During the top-down phase, activity from the hippocampal layer feeds back to perirhinal
cortex and also to the parietal window via the BVC and transformation layers. In addition,
during this phase, the parietal window receives input from the senses, which we assume can
be down-regulated if the model is performing mental exploration or recall of a familiar
environment without actually changing its vantage point. See figures 5 and 6. During the
bottom-up phase, the activity of the window is “frozen” to the last pattern present during the
top-down phase. This activity pattern, which is the model’s current representation of the
geometry of egocentric space, is hypothetically maintained by a fronto-parietal short-term
memory system (which we do not model here), consistent with evidence presented earlier.

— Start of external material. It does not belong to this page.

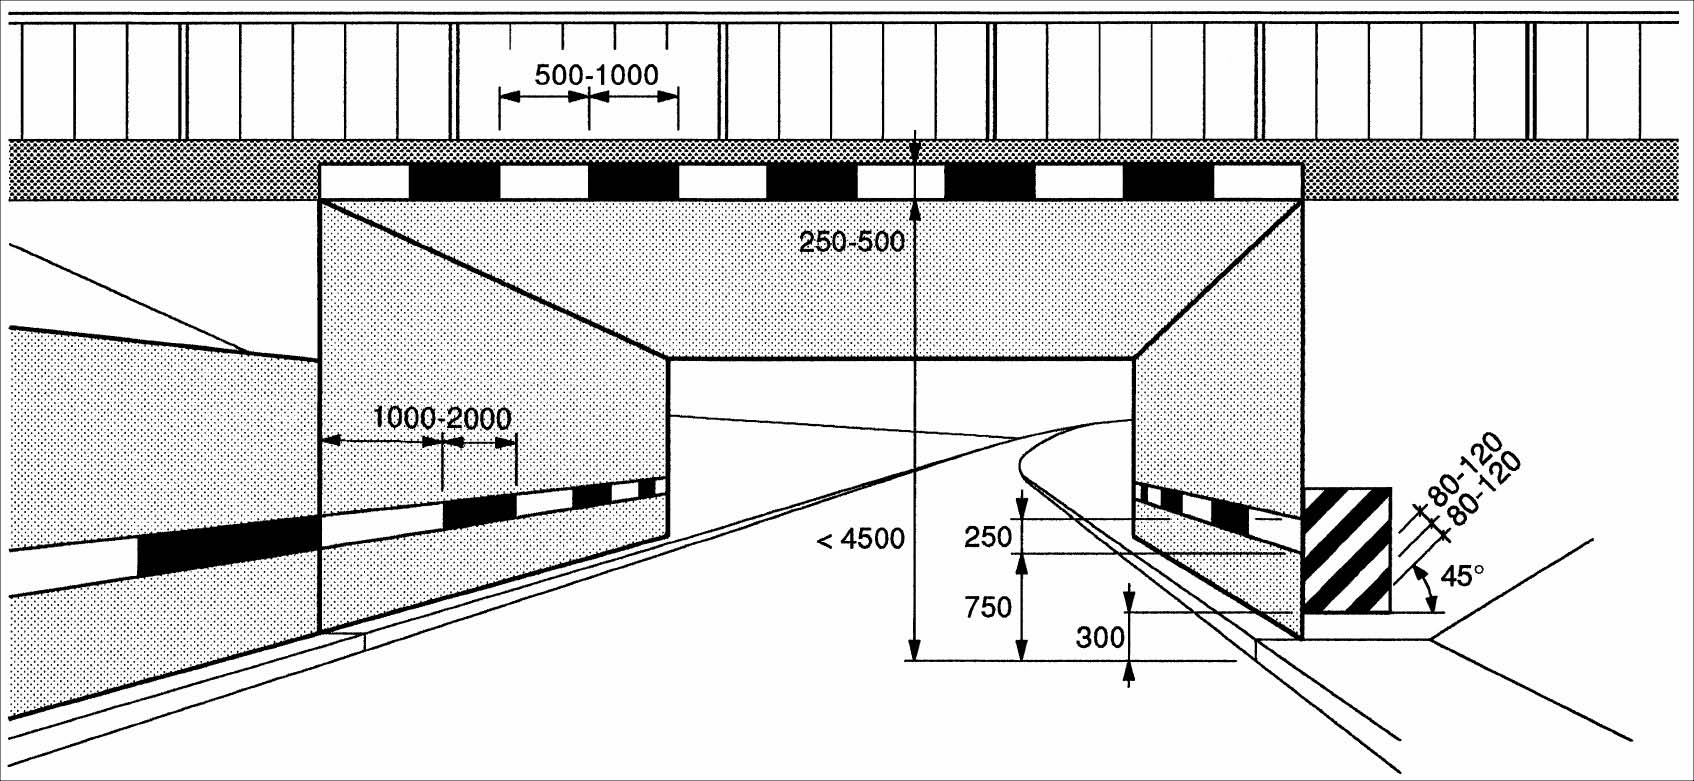 Leiteinrichtung: Seitlich/oberhalb der Fahrbahn, schwarz weiss (50/50 cm), 200/25 cm, DG3, Alu 2 mm

The frozen information from the parietal window feeds forward during the bottom-up phase
to the hippocampal layer along with information from perirhinal cortex, thus influencing the
current hippocampal attractor state. In principle, rigid freezing of the parietal window
representation during the bottom-up phase is not necessary, but such an approach eliminates
the need for additional neural circuitry in the model.
An animal would need to recall the details of an environment stored in long term memory
for two main reasons. First, there could be transient environmental conditions that impede
sensory input and thus leave the animal with little direct access to spatial information.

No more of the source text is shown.